> **Work to complete**: Write out exactly every line from the one containing "Deepika Padukone is" through the final line of the material below, both included. Pictures are to be skipped.

> **Collected material**:
○ ○ ○ ○ ○

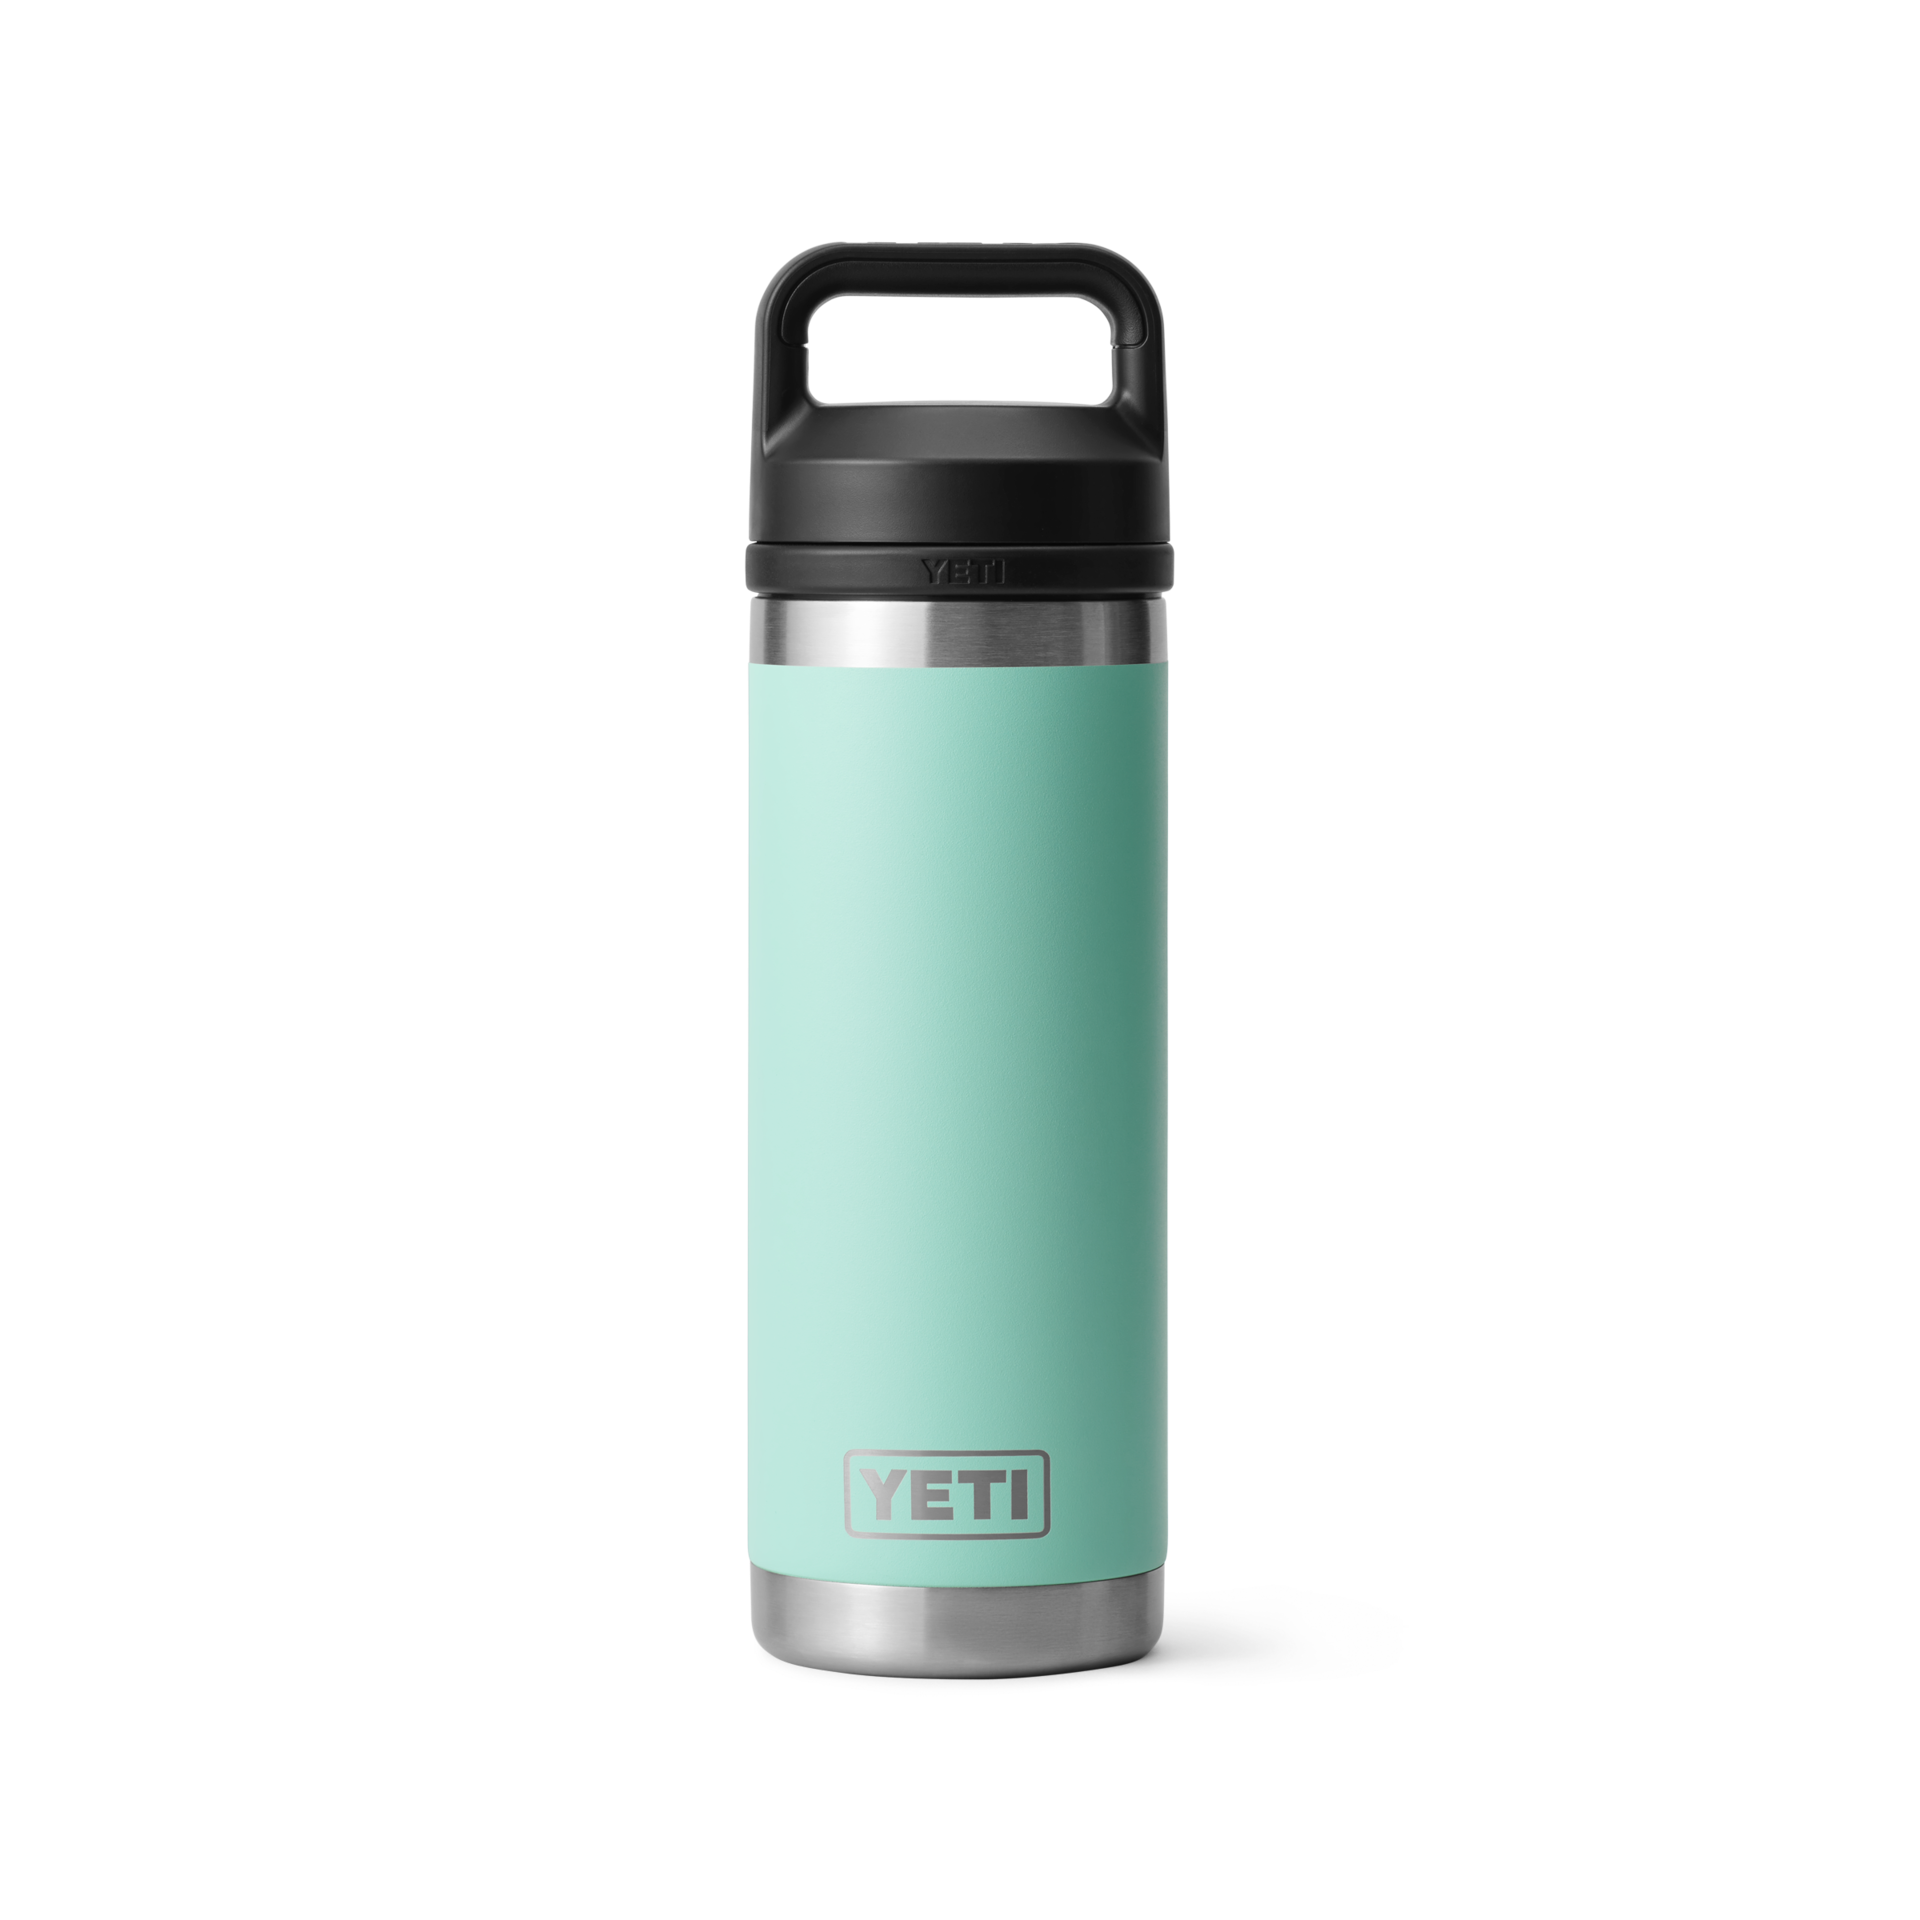 Dickson Barbeque Centre - Avenue Rd - 🖲️ NEW ARRIVAL! Smaller size! Great  to have the new YETI 10oz Tumbler in stock for the holidays 😊👍. . #YETI  #YetiTumbler #YetiRambler #strong #durable #
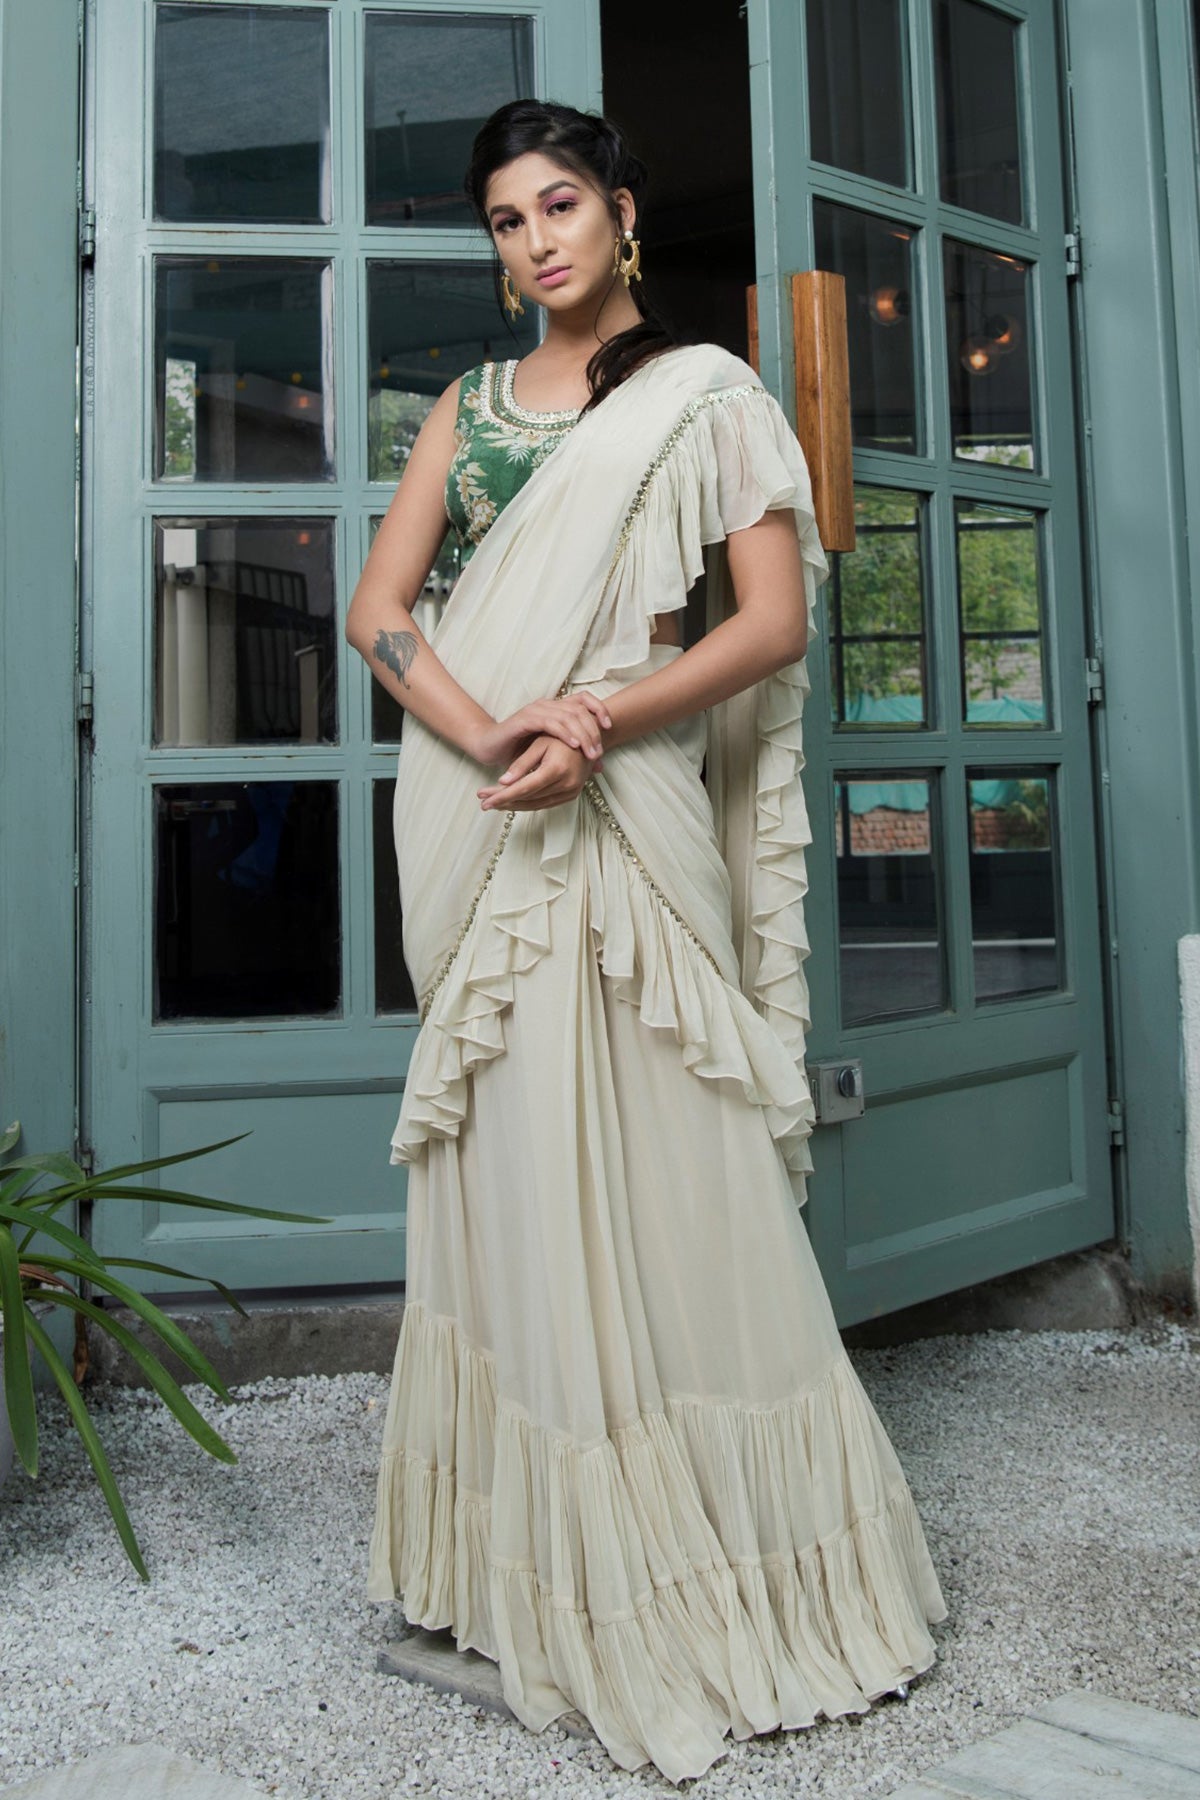 Deepika Padukone is the Definition of Resplendent in Pearl White Ruffle  Saree on Last Day of Cannes 2022
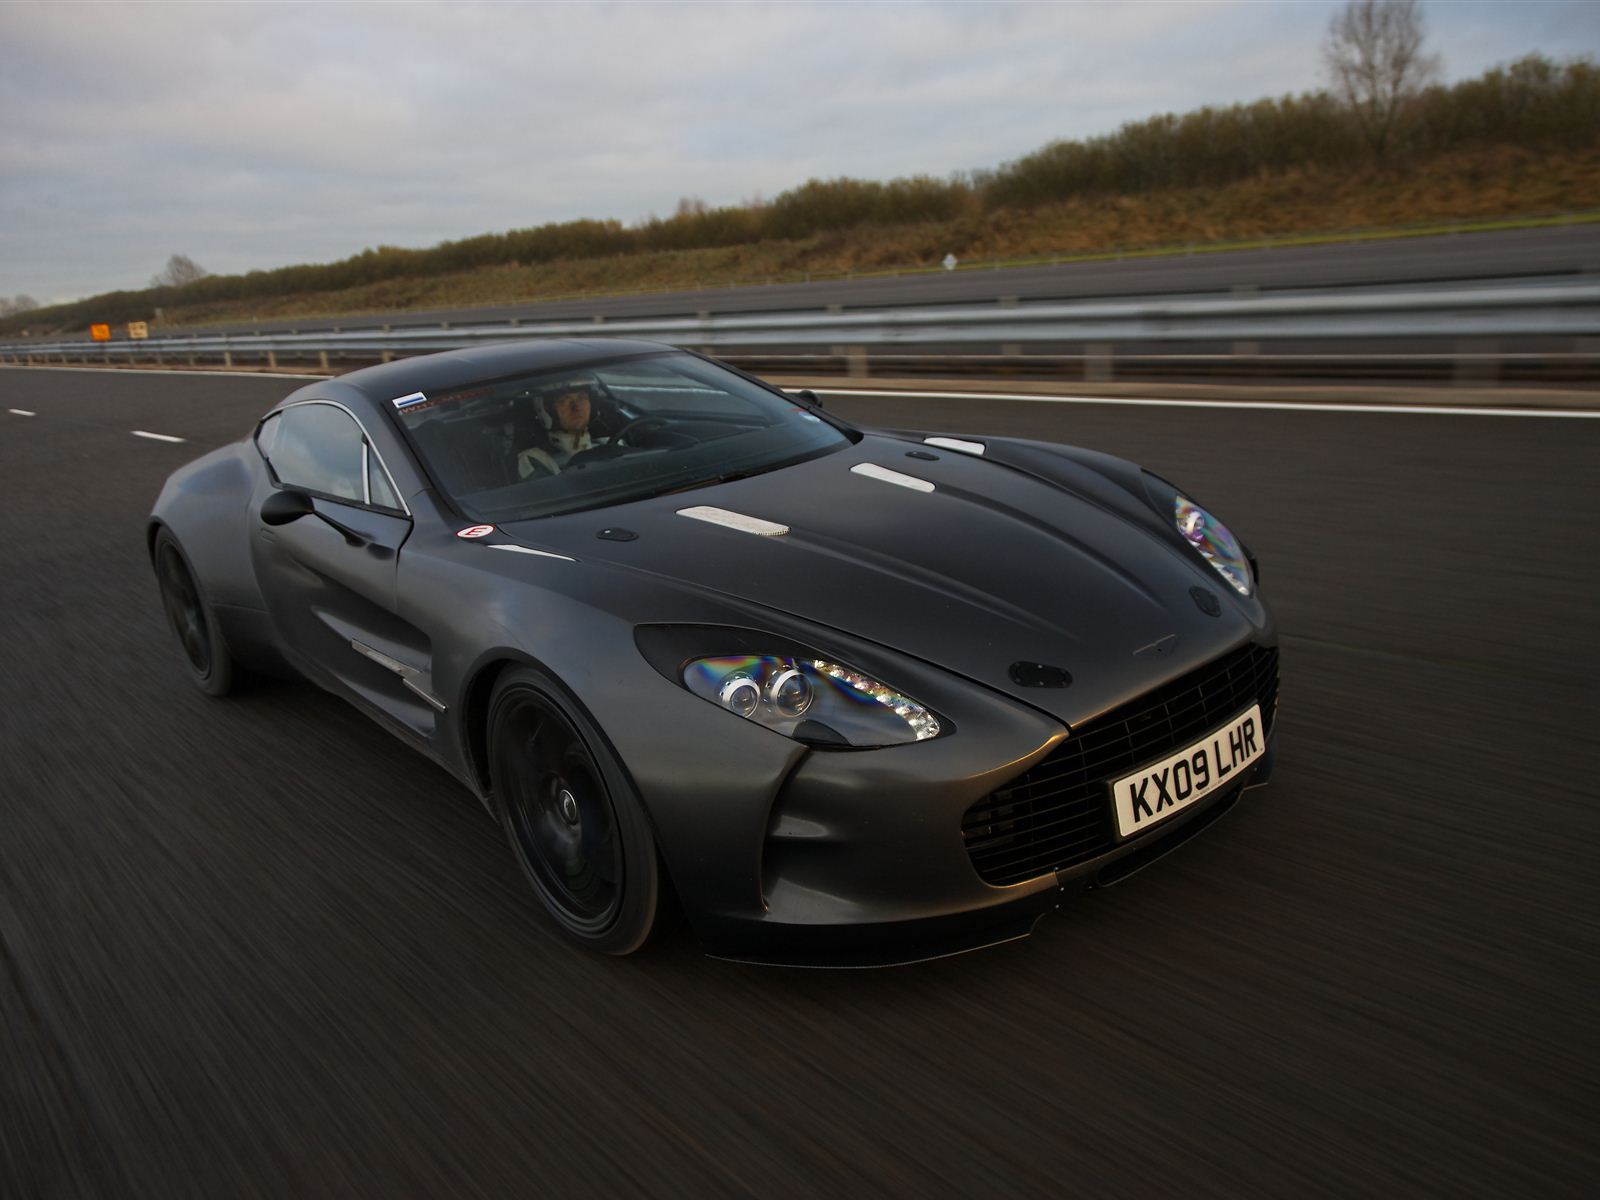 The Aston Martin One-77 is a 2 door coupe with a starting MSRP of 1,700,000Top Speed 220 MPH, 0-60 3.5 in Seconds
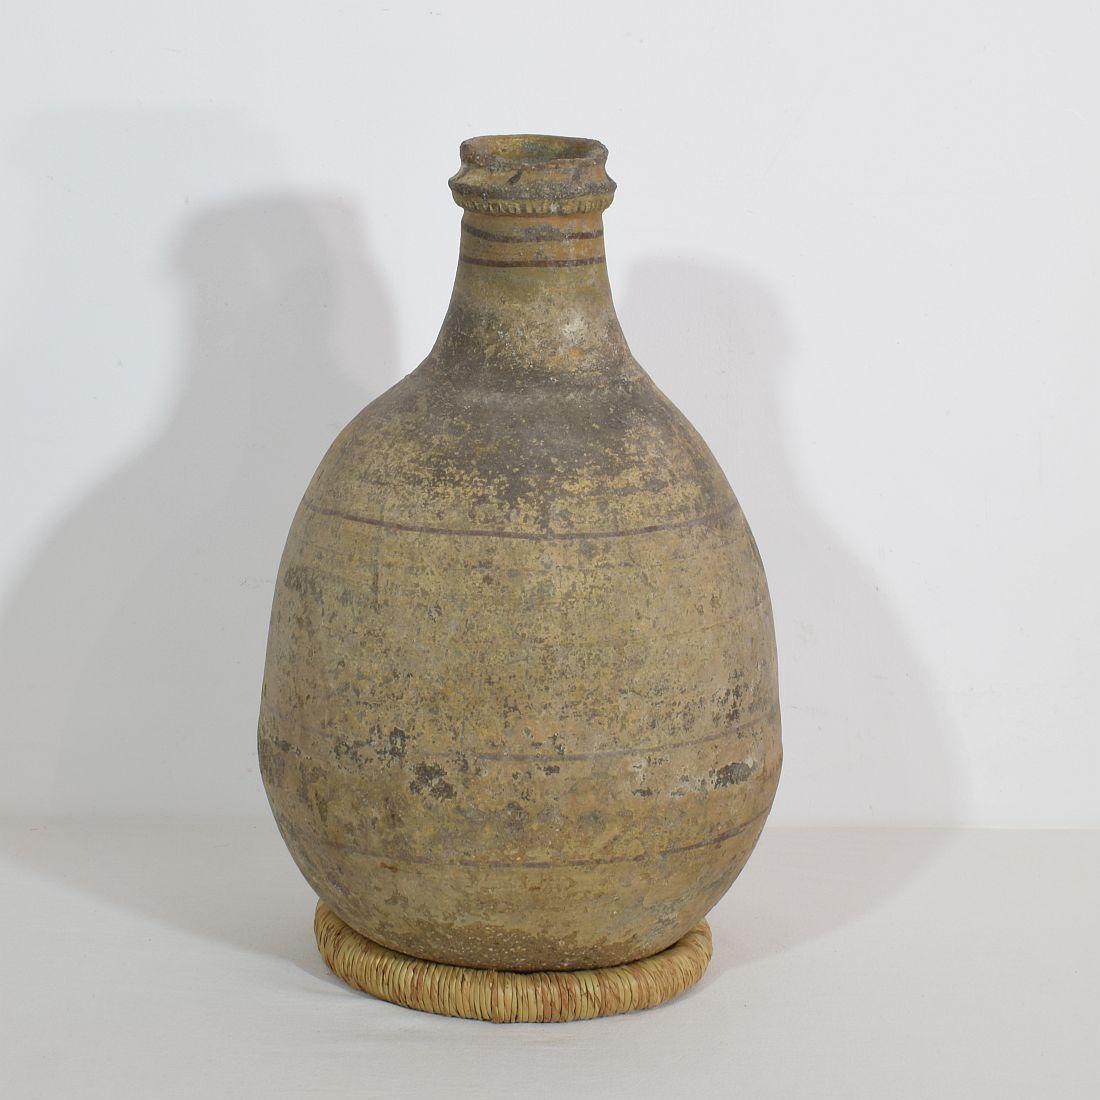 Hand-Crafted 19th Century Moroccan Earthenware Jug

○ ○ ○ ○ ○

> **Output of the task**:
 Deepika Padukone is the Definition of Resplendent in Pearl White Ruffle  Saree on Last Day of Cannes 2022
 The Aston Martin One-77 is a 2 door coupe with a starting MSRP of 1,700,000Top Speed 220 MPH, 0-60 3.5 in Seconds
 Hand-Crafted 19th Century Moroccan Earthenware Jug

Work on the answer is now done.